Note: If the directory gets locked, you can unlock it by running:
sc-preprocess run --config-file <your_config.yaml> --cores 1 --snakemake-args --unlock
The argument we will be passing straight to snakemake will be --profile. The provides snakemake with a path to a configurgation file that contains parameters fro runnign the is workflow on an HPC or cloud computing environment. Run snakemake -h to read more detail.
The command sc-preprocess generate-test-data you ran above already produced a boiler plate config yaml file filled out for SLURM here:
$ cat tests/00_TEST_DATA_GEX/HPC_profiles/config.yaml
executor: slurm
jobs: 10
default-resources:
- slurm_account=YOUR_ACCOUNT
- slurm_partition=YOUR_PARTITION
- runtime=720
retries: 2
latency-wait: 60
printshellcmds: true
keep-going: true
rerun-incomplete: true
You read about HPC executor functionality here. Fill out this config with HPC/cloud computing info that works for you! We made autogenerated an example for Slurm.

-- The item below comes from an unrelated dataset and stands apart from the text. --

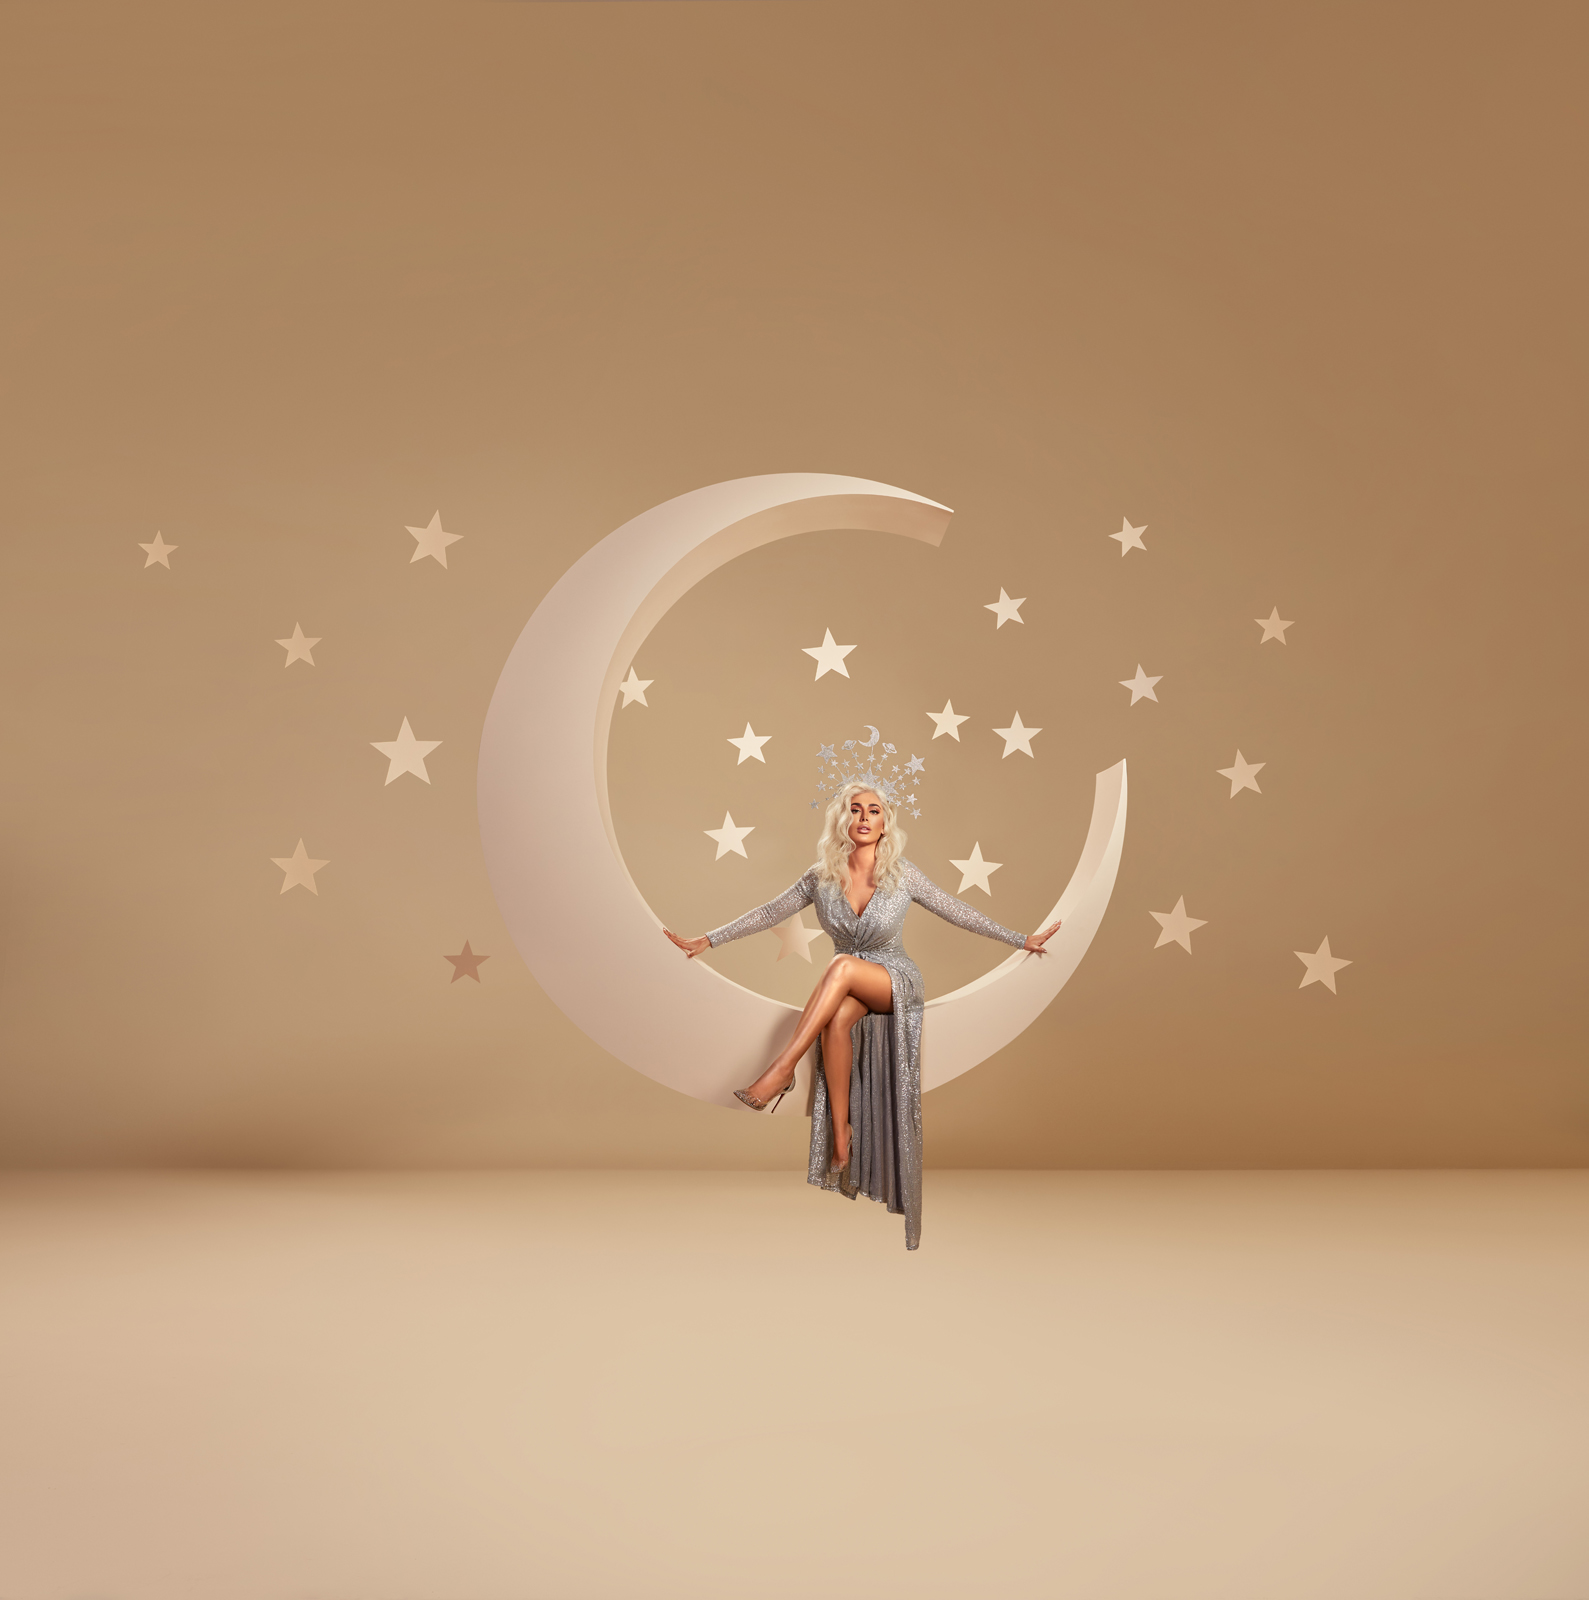 Huda Beauty by Eli Rezkallah, produced by Plastik Studios 2019 (5).jpg

What is the difference between --cores and --jobs? The --cores command assigns the number of CPUs per jobs while the --jobs argument controls how many parallel jobs can be run at the same time.
sc-preprocess run --config-file tests/00_TEST_DATA_GEX/test_config_gex.yaml --cores 1 --snakemake-args --unlock
# HPC execution - `--cores all` tell snakemake to use the `threads` assigned to each rule.
sc-preprocess run --config-file tests/00_TEST_DATA_GEX/test_config_gex.yaml \
--cores all \
--snakemake-args --profile tests/00_TEST_DATA_GEX/HPC_profiles
For common questions about re-running steps, .done file tracking, and cluster-mode lock files, see the FAQ.